=== EXERCISE DATA ===
Content starts

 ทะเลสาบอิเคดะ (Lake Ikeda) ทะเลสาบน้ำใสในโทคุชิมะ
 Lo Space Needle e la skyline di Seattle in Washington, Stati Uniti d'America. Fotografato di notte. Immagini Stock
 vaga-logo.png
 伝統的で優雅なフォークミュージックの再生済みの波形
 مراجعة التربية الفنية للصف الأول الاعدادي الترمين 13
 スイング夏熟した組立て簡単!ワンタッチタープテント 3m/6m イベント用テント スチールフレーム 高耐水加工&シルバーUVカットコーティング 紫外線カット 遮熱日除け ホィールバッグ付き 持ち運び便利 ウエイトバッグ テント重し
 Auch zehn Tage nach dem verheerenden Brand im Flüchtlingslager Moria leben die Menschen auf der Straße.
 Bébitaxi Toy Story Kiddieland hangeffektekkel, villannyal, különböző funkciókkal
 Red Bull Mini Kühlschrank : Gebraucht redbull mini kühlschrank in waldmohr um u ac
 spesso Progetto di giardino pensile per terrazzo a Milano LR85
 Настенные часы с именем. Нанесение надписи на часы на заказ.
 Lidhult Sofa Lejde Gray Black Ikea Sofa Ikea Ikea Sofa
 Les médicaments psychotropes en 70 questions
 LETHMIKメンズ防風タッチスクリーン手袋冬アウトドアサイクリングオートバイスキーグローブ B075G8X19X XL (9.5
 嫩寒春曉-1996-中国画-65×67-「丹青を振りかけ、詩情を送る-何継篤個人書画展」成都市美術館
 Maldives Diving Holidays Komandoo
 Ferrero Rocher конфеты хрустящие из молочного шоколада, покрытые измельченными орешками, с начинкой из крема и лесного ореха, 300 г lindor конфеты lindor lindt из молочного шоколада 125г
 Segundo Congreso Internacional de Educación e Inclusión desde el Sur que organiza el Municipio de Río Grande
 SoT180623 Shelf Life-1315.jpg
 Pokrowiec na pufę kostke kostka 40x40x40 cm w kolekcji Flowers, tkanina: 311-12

Content ends

=== INSTRUCTIONS TO FOLLOW ===
What you give back should be exactly the lines from the one with "Red Bull Mini" through the final line of the listing, and no others.

=== WRITTEN REPLY ===
 Red Bull Mini Kühlschrank : Gebraucht redbull mini kühlschrank in waldmohr um u ac
 spesso Progetto di giardino pensile per terrazzo a Milano LR85
 Настенные часы с именем. Нанесение надписи на часы на заказ.
 Lidhult Sofa Lejde Gray Black Ikea Sofa Ikea Ikea Sofa
 Les médicaments psychotropes en 70 questions
 LETHMIKメンズ防風タッチスクリーン手袋冬アウトドアサイクリングオートバイスキーグローブ B075G8X19X XL (9.5
 嫩寒春曉-1996-中国画-65×67-「丹青を振りかけ、詩情を送る-何継篤個人書画展」成都市美術館
 Maldives Diving Holidays Komandoo
 Ferrero Rocher конфеты хрустящие из молочного шоколада, покрытые измельченными орешками, с начинкой из крема и лесного ореха, 300 г lindor конфеты lindor lindt из молочного шоколада 125г
 Segundo Congreso Internacional de Educación e Inclusión desde el Sur que organiza el Municipio de Río Grande
 SoT180623 Shelf Life-1315.jpg
 Pokrowiec na pufę kostke kostka 40x40x40 cm w kolekcji Flowers, tkanina: 311-12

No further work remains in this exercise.